Reproduce the whole listing below without its pictures, exactly as written.

PROVIDED DATA |
┄┄┄┄┄┄┄┄┄┄┄┄┄┄┄┄┄┄┄┄
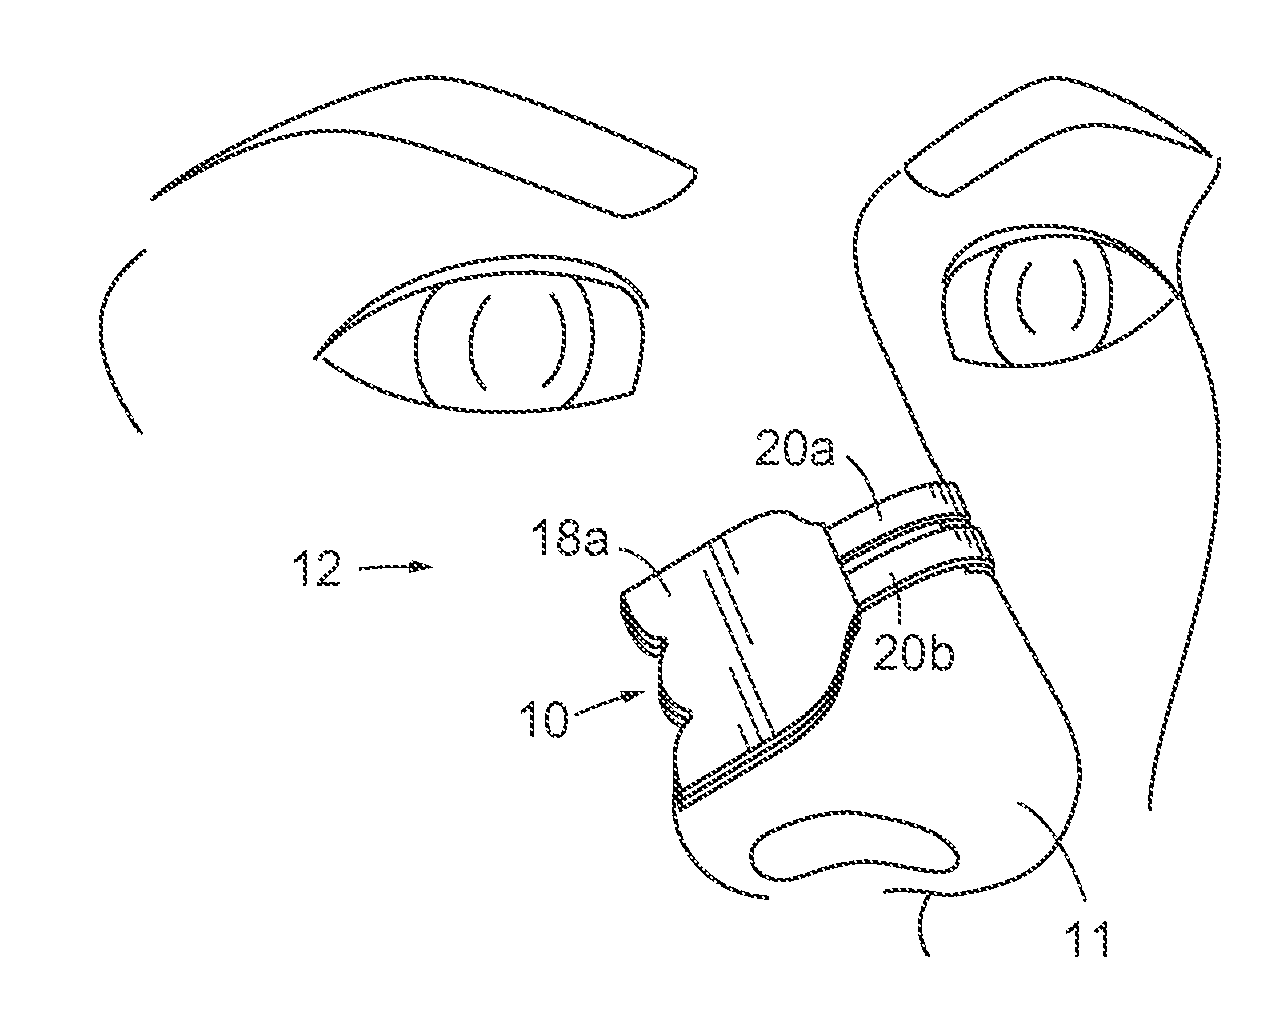 Economical Nasal Dilator and Method of Manufacture
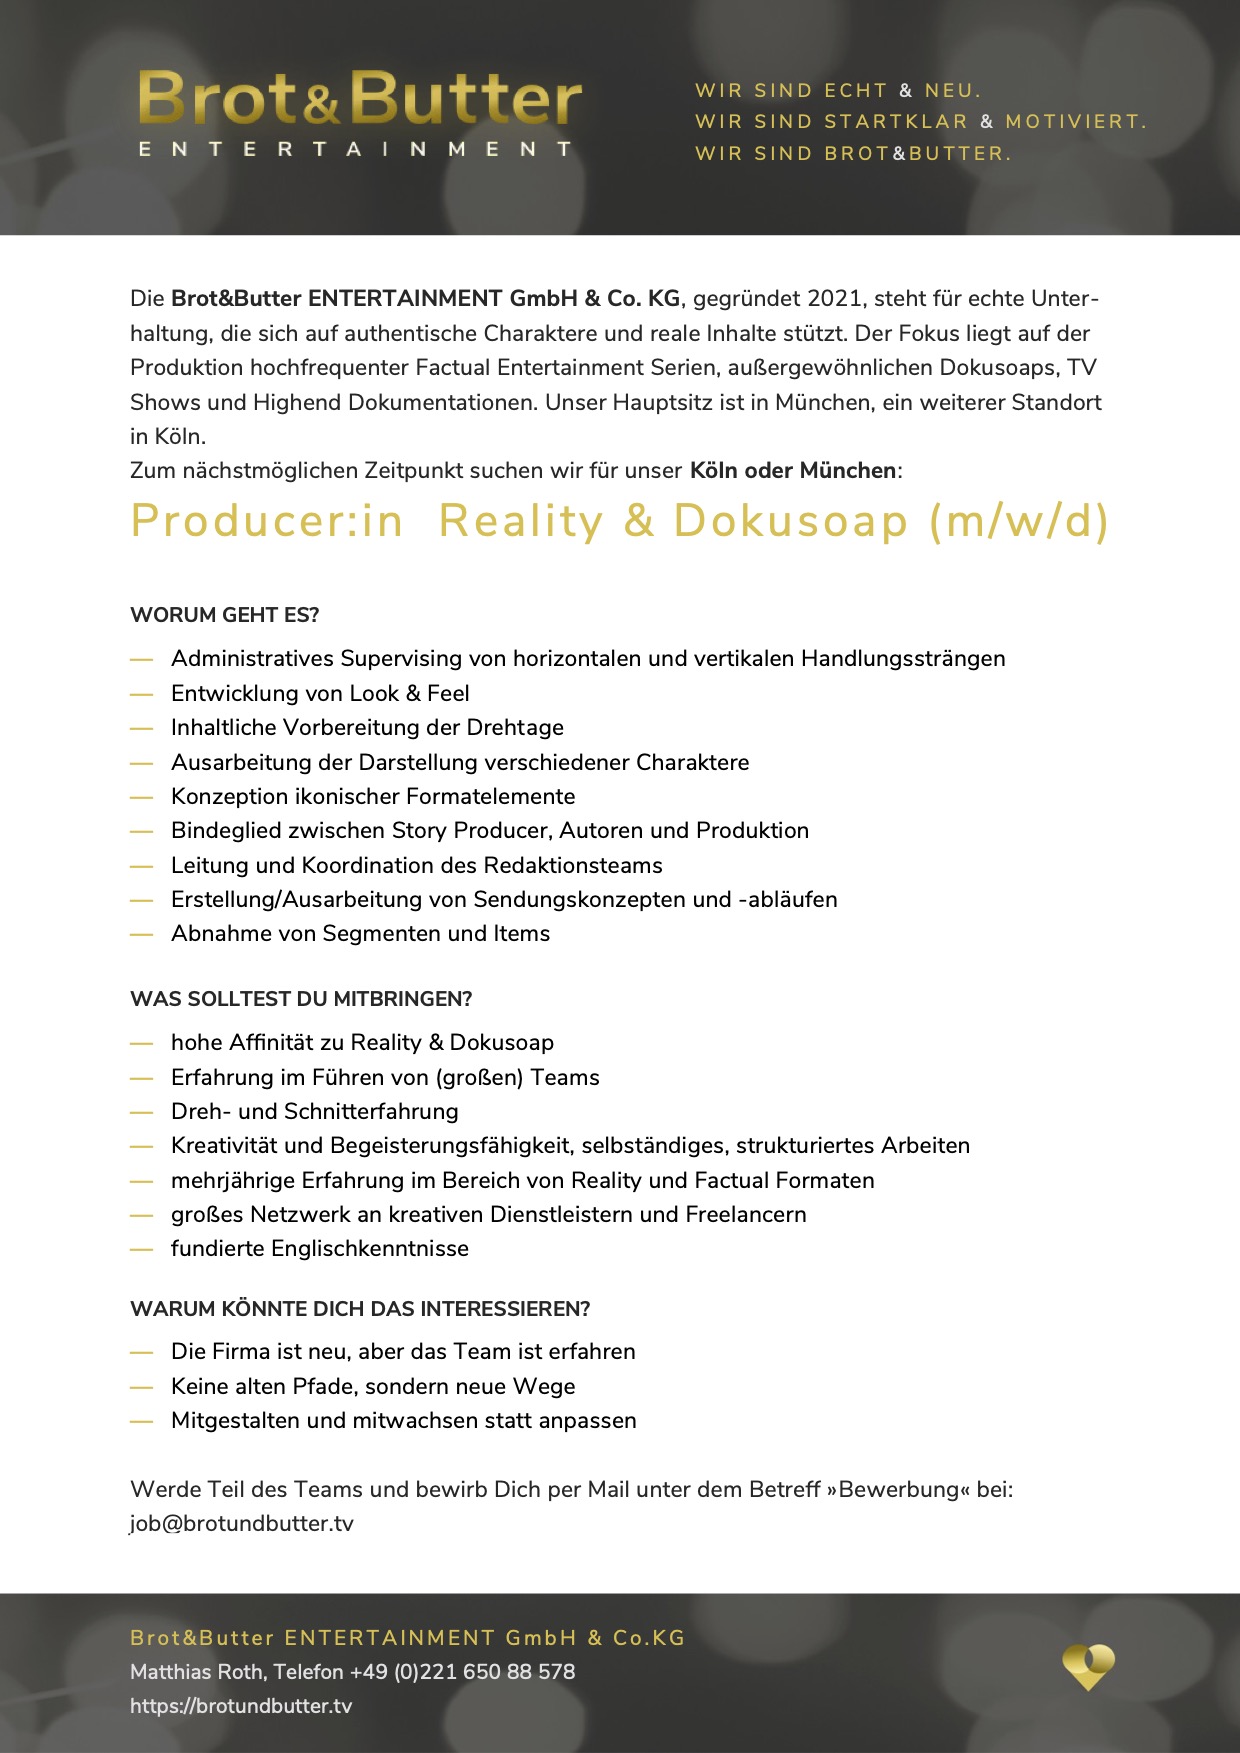 Producer:in Reality & Dokusoap (m/w/d)
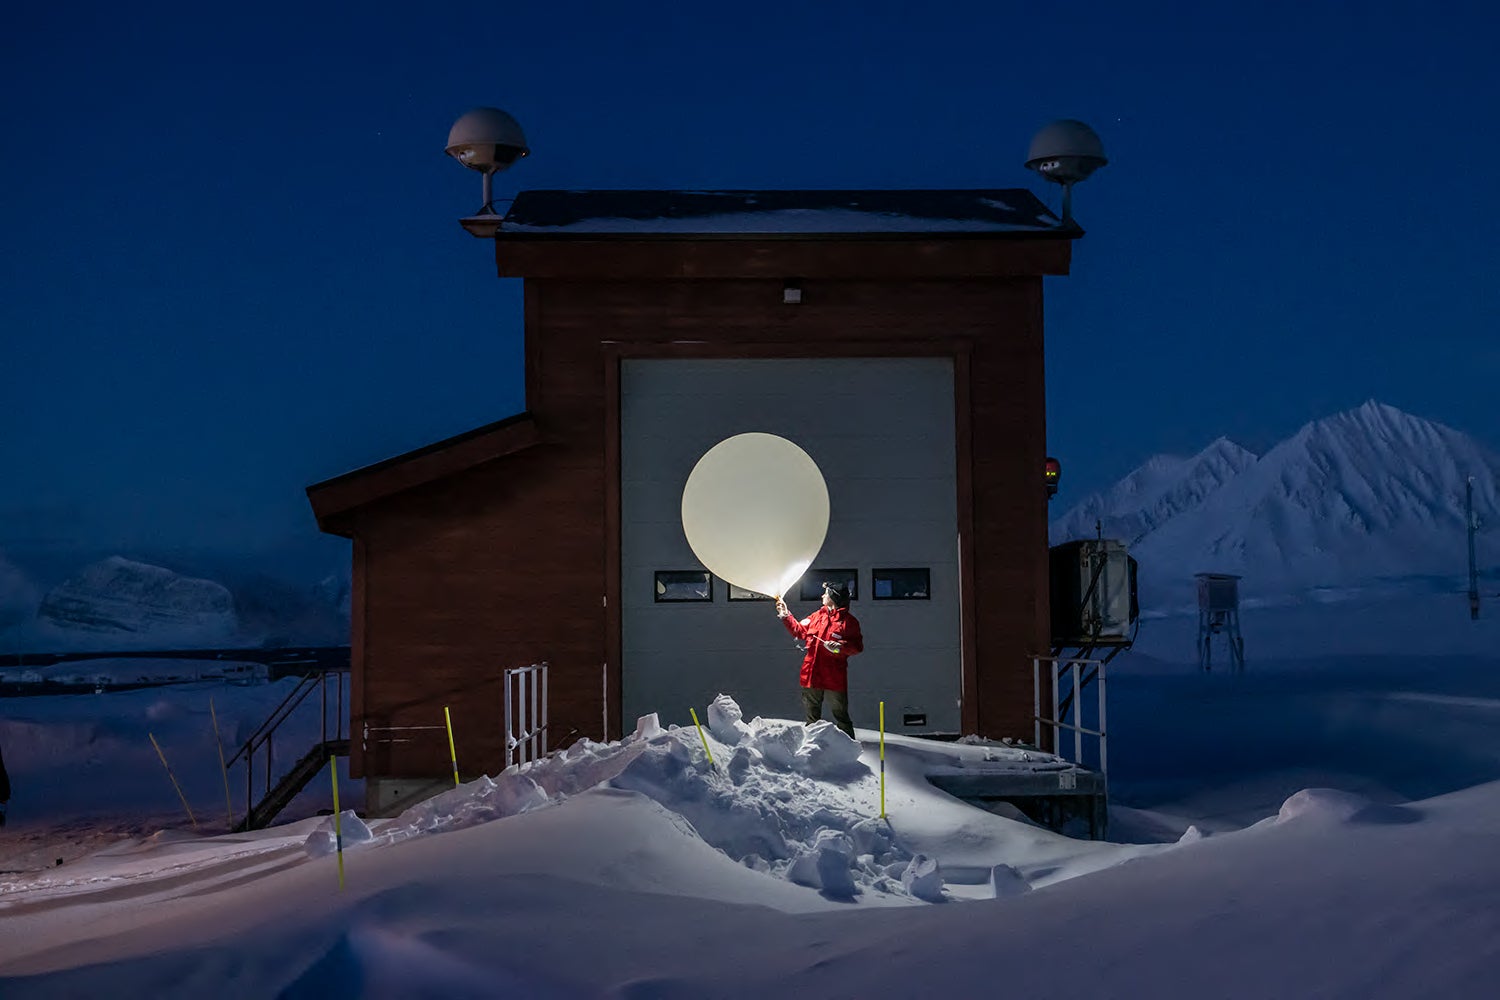 Scientist releases weather balloon at night
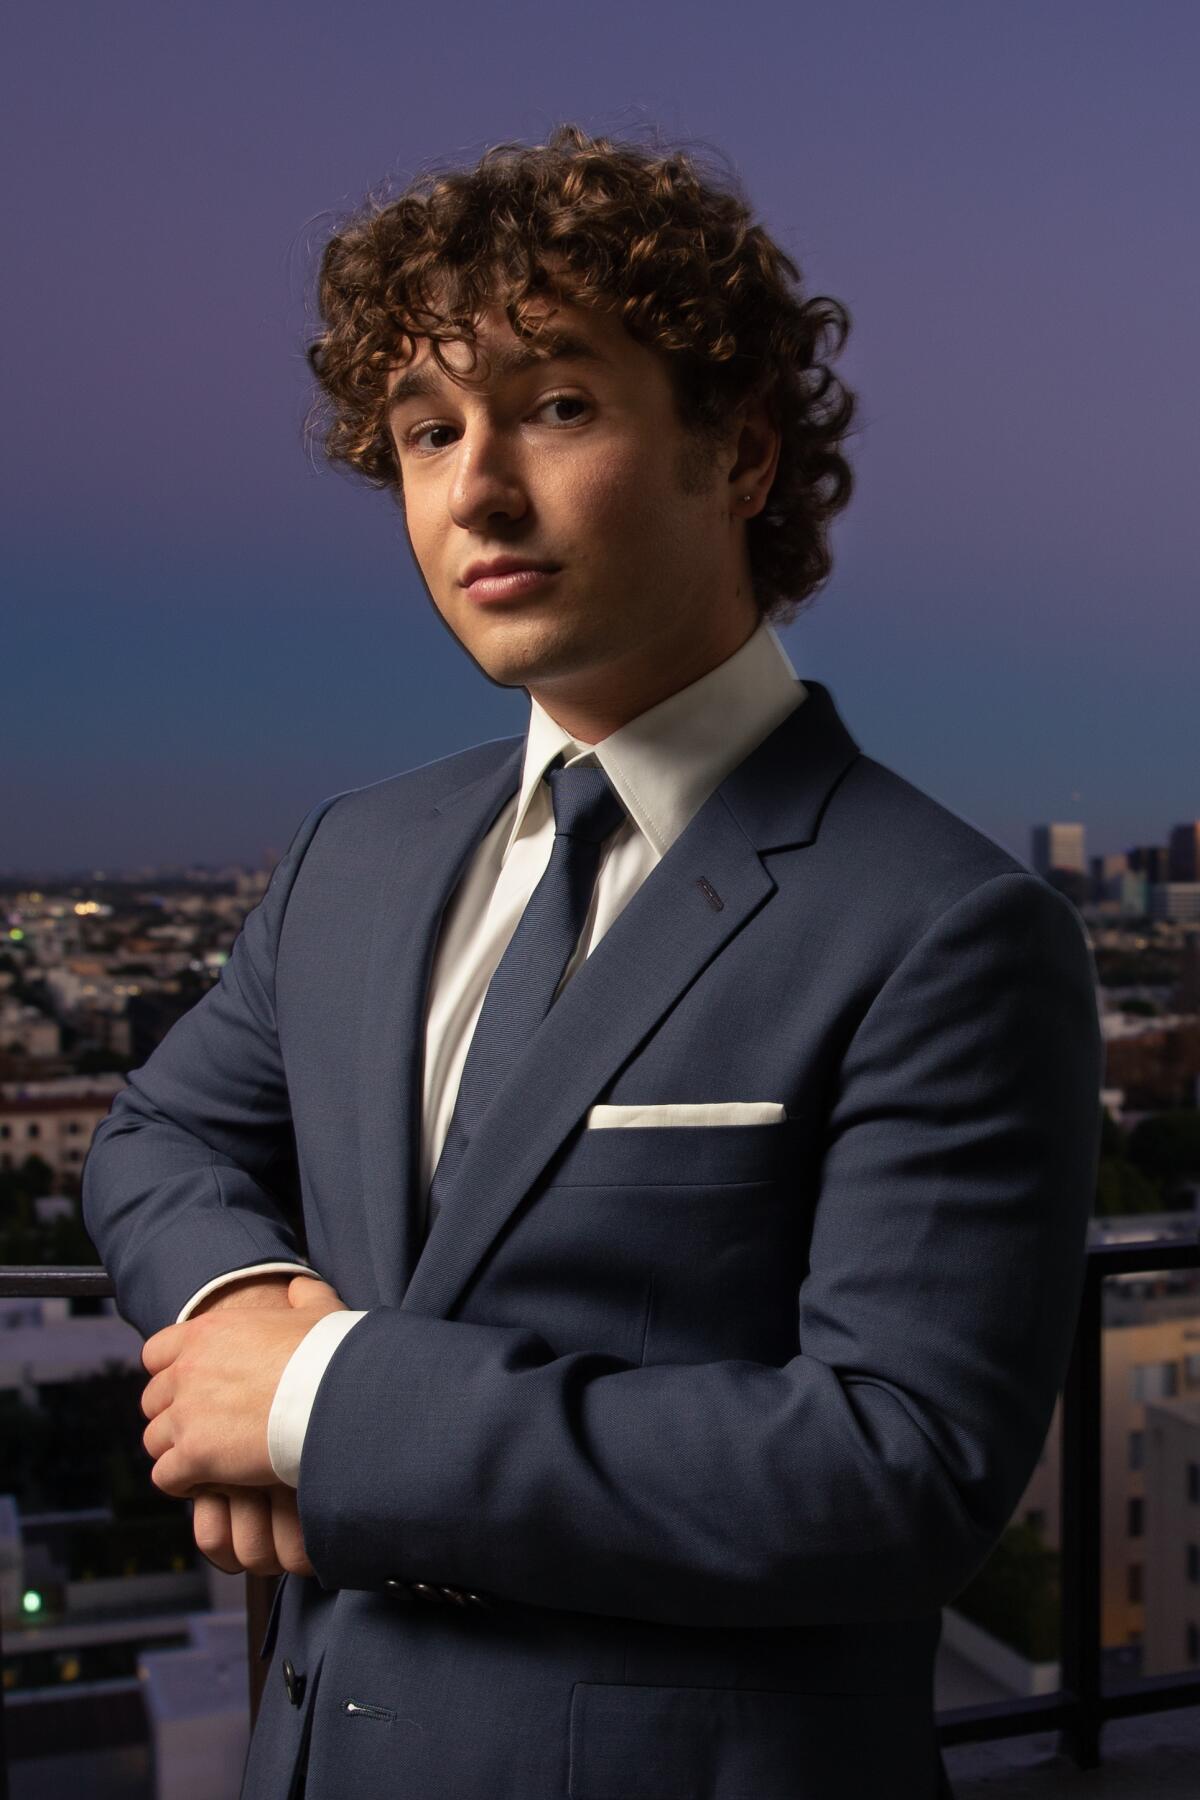 Gabriel LaBelle poses for a portrait wearing a blue suit and standing against a dusky sky.
┄┄┄┄┄┄┄┄┄┄┄┄┄┄┄┄┄┄┄┄
ANSWER BELOW |
 Economical Nasal Dilator and Method of Manufacture
 Producer:in Reality & Dokusoap (m/w/d)
 Scientist releases weather balloon at night
 Gabriel LaBelle poses for a portrait wearing a blue suit and standing against a dusky sky.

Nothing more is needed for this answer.